In an NEJM AI study, experts used an OpenAI reasoning model to reanalyze 376 previously unsolved cases and surface leads for 18 diagnoses.

Even with genomic sequencing, many people with rare diseases never receive a clear genetic diagnosis. Roughly half remain undiagnosed after extensive testing and specialist review. Their medical data may contain clues but finding them can require sifting through thousands to millions of possible genetic variants, fragmented clinical records, and rapidly changing scientific literature.

As new gene-disease relationships, case reports, and classification evidence accumulate, unsolved cases can become newly interpretable.

Researchers from Boston Children’s Hospital’s Manton Center for Orphan Disease Research, Harvard University, and OpenAI used the OpenAI o3 Deep Research reasoning model to analyze de-identified clinical and genomic information from 376 previously analyzed cases that remained unsolved. The model surfaced evidence-linked candidate explanations for researchers and clinicians to review. Following expert review, additional testing, and clinical confirmation, physicians established diagnoses in 18 cases—an additional diagnostic yield of 4.8% after earlier analysis by specialists. This study was published on June 18, 2026, in NEJM AI and shows how an AI-assisted research workflow can help experts generate leads when revisiting some of the most difficult cases.

Many of these cases had evaded years of expert analysis. In this study, OpenAI o3 Deep Research helped researchers identify leads that were later assessed through established clinical processes, suggesting that expert-led periodic reanalysis could become more scalable as knowledge evolves. The model did not diagnose any patient or make any clinical decision. It produced evidence-linked hypotheses for specialists to review and, where appropriate, investigate through additional testing and confirm in a clinical laboratory.

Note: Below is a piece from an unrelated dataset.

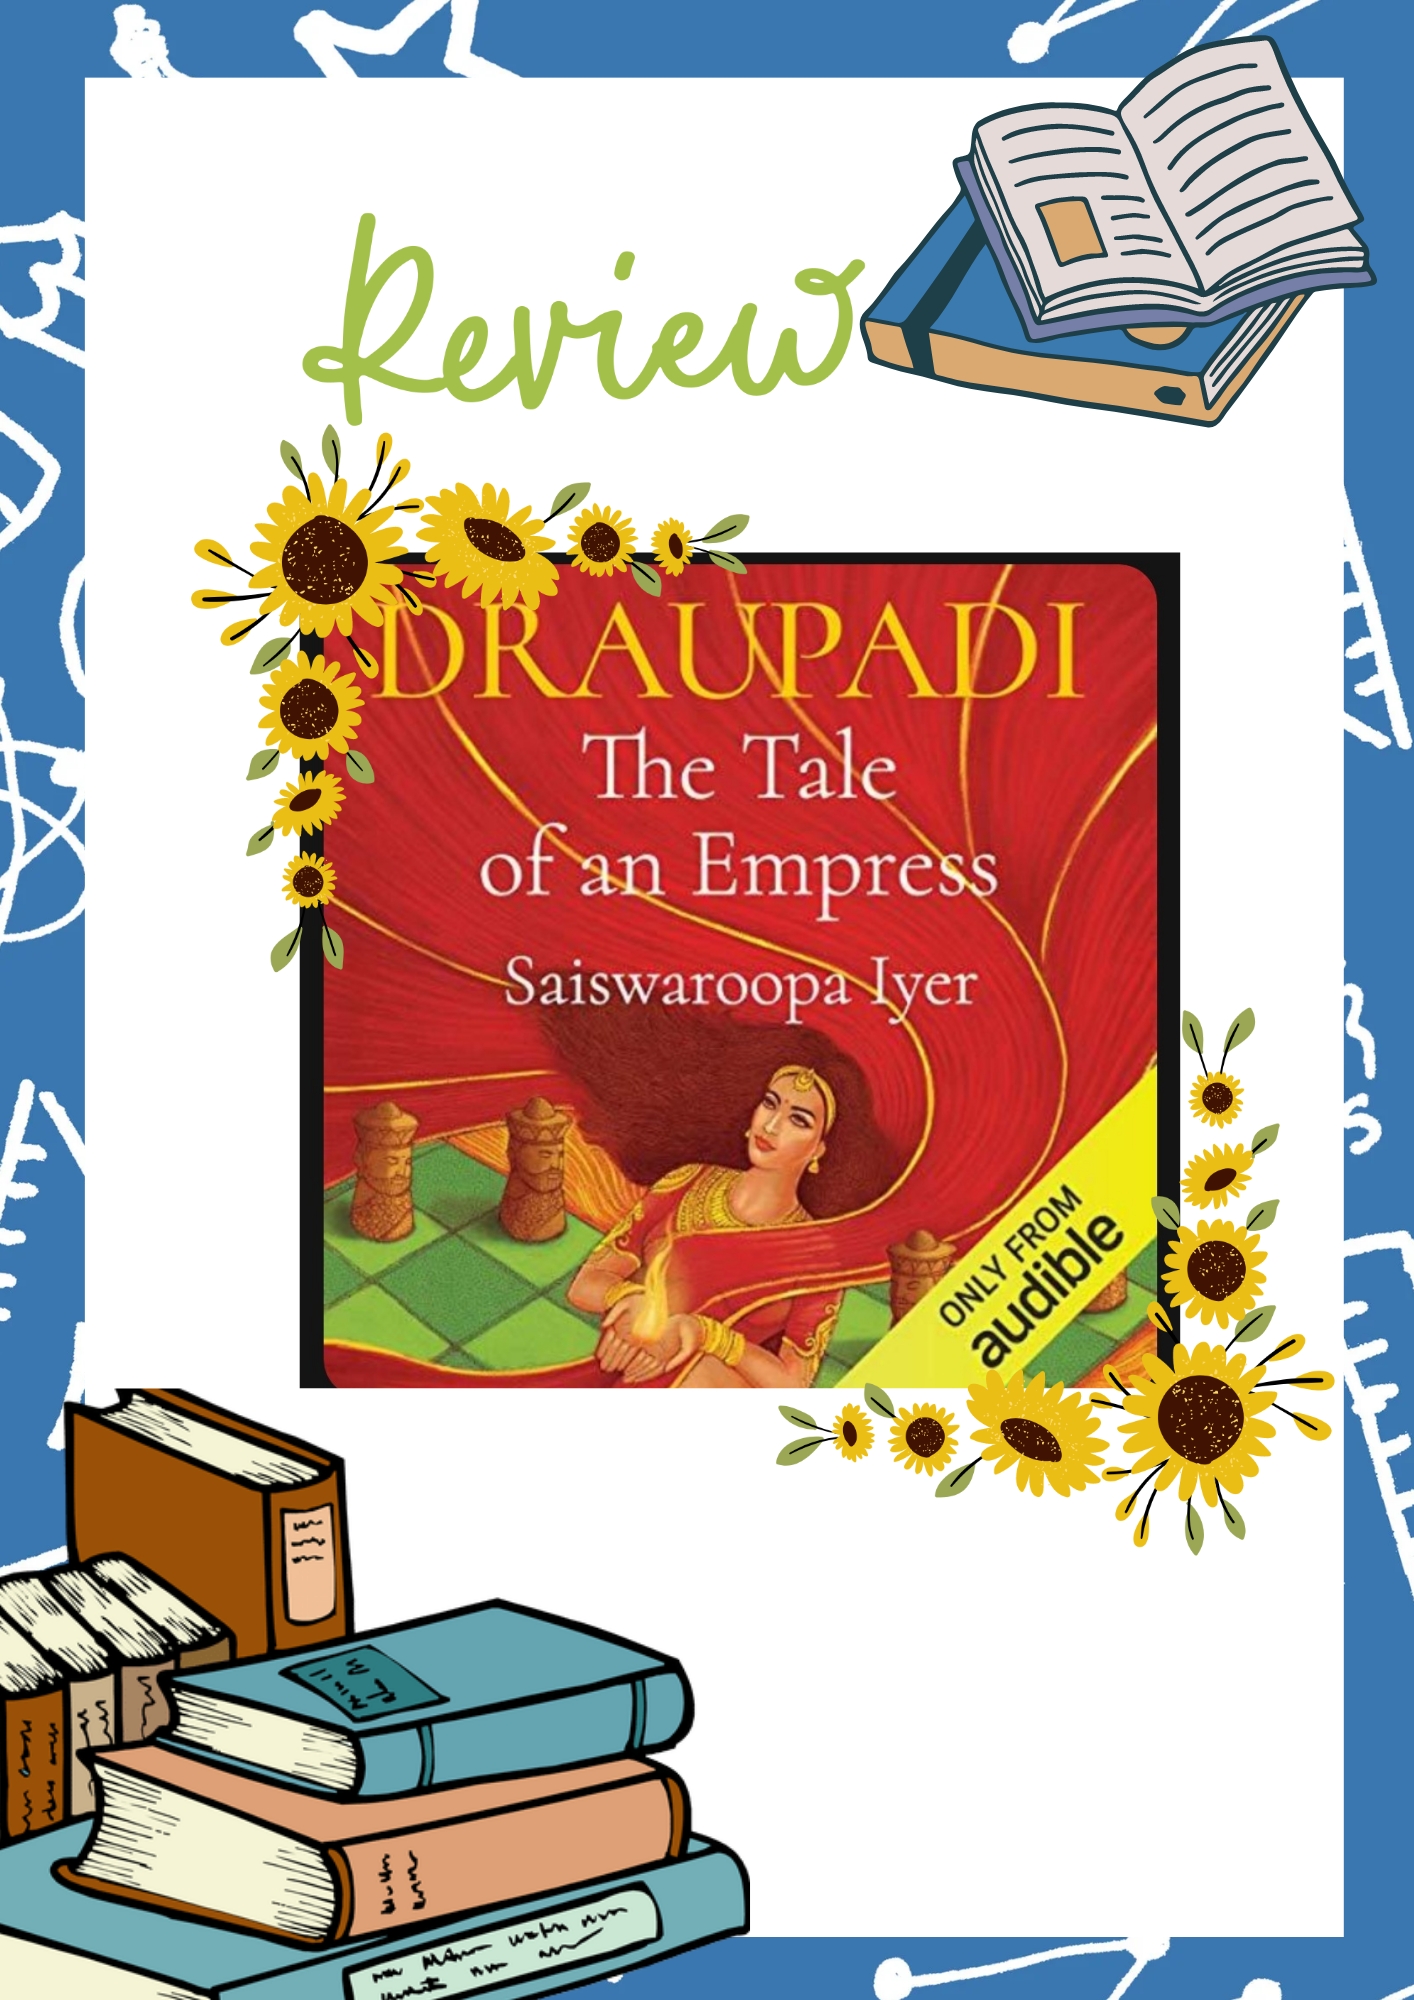 Unveiling the Empress: A Review of “Draupadi: The Tale of an Empress”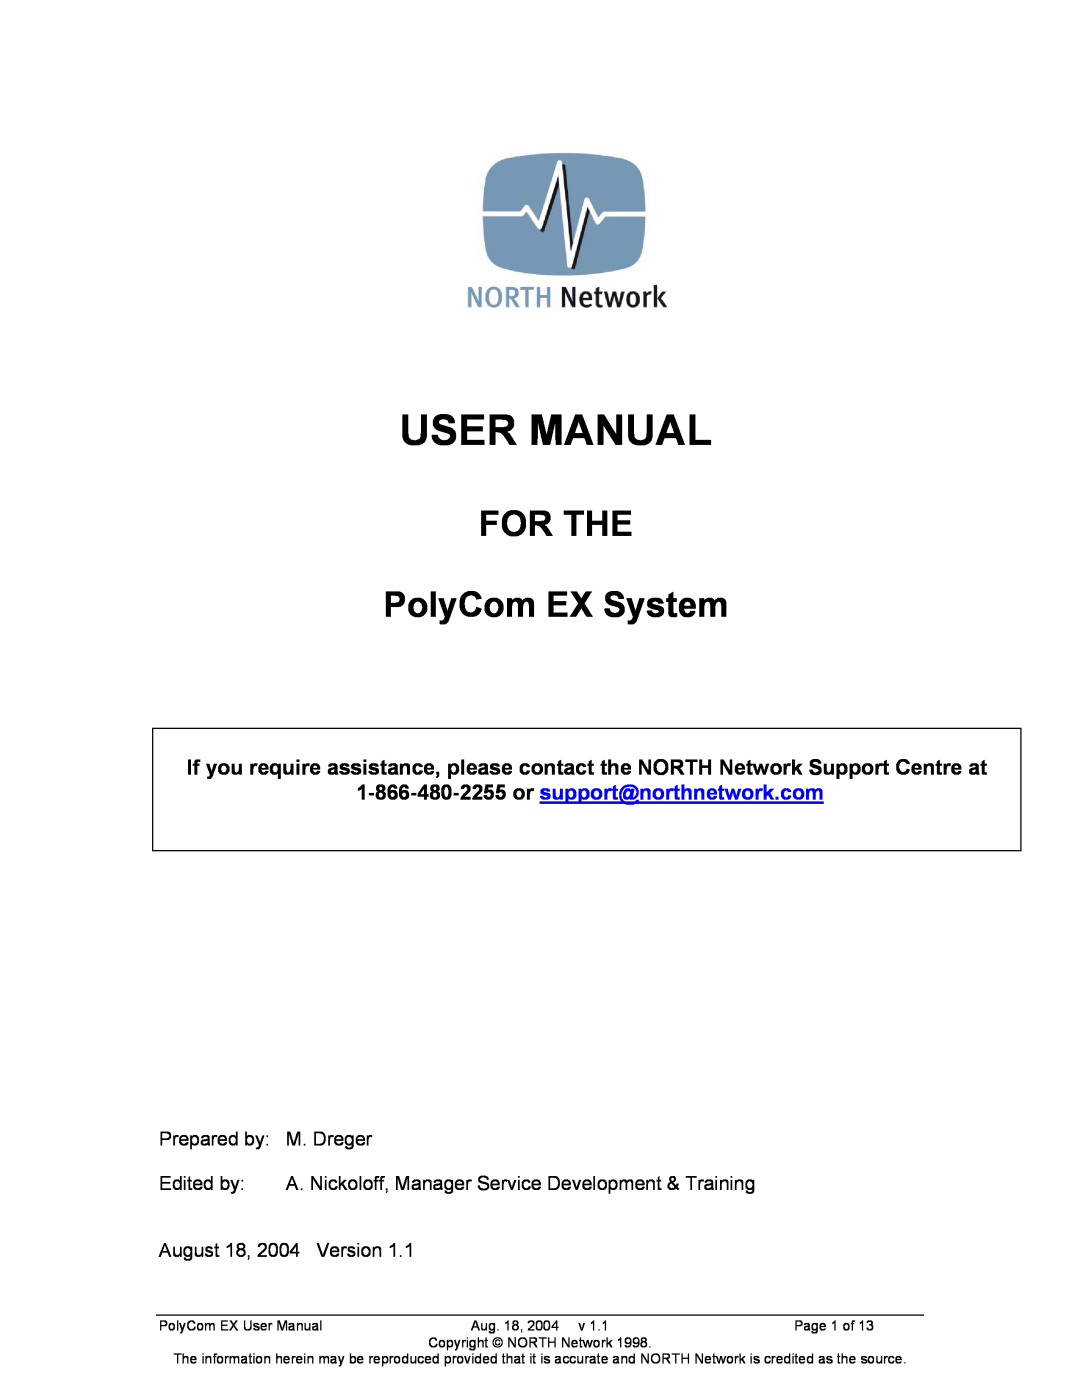 Polycom The Remote Control user manual FOR THE PolyCom EX System, PolyCom EX User Manual, Aug. 18, 2004 v, Page 1 of

An inconclusive genetic test is not always a permanent finding. A patient’s phenotype descriptions, test results, and family history can be split across databases that use different identifiers, formats, and vocabularies. Linking those records is difficult, so even specialists can miss a diagnosis. Experts may also sequence a child’s genome before a relevant gene or its variants have been linked to disease. As scientific knowledge advances, the same data can reveal answers that were previously impossible to uncover.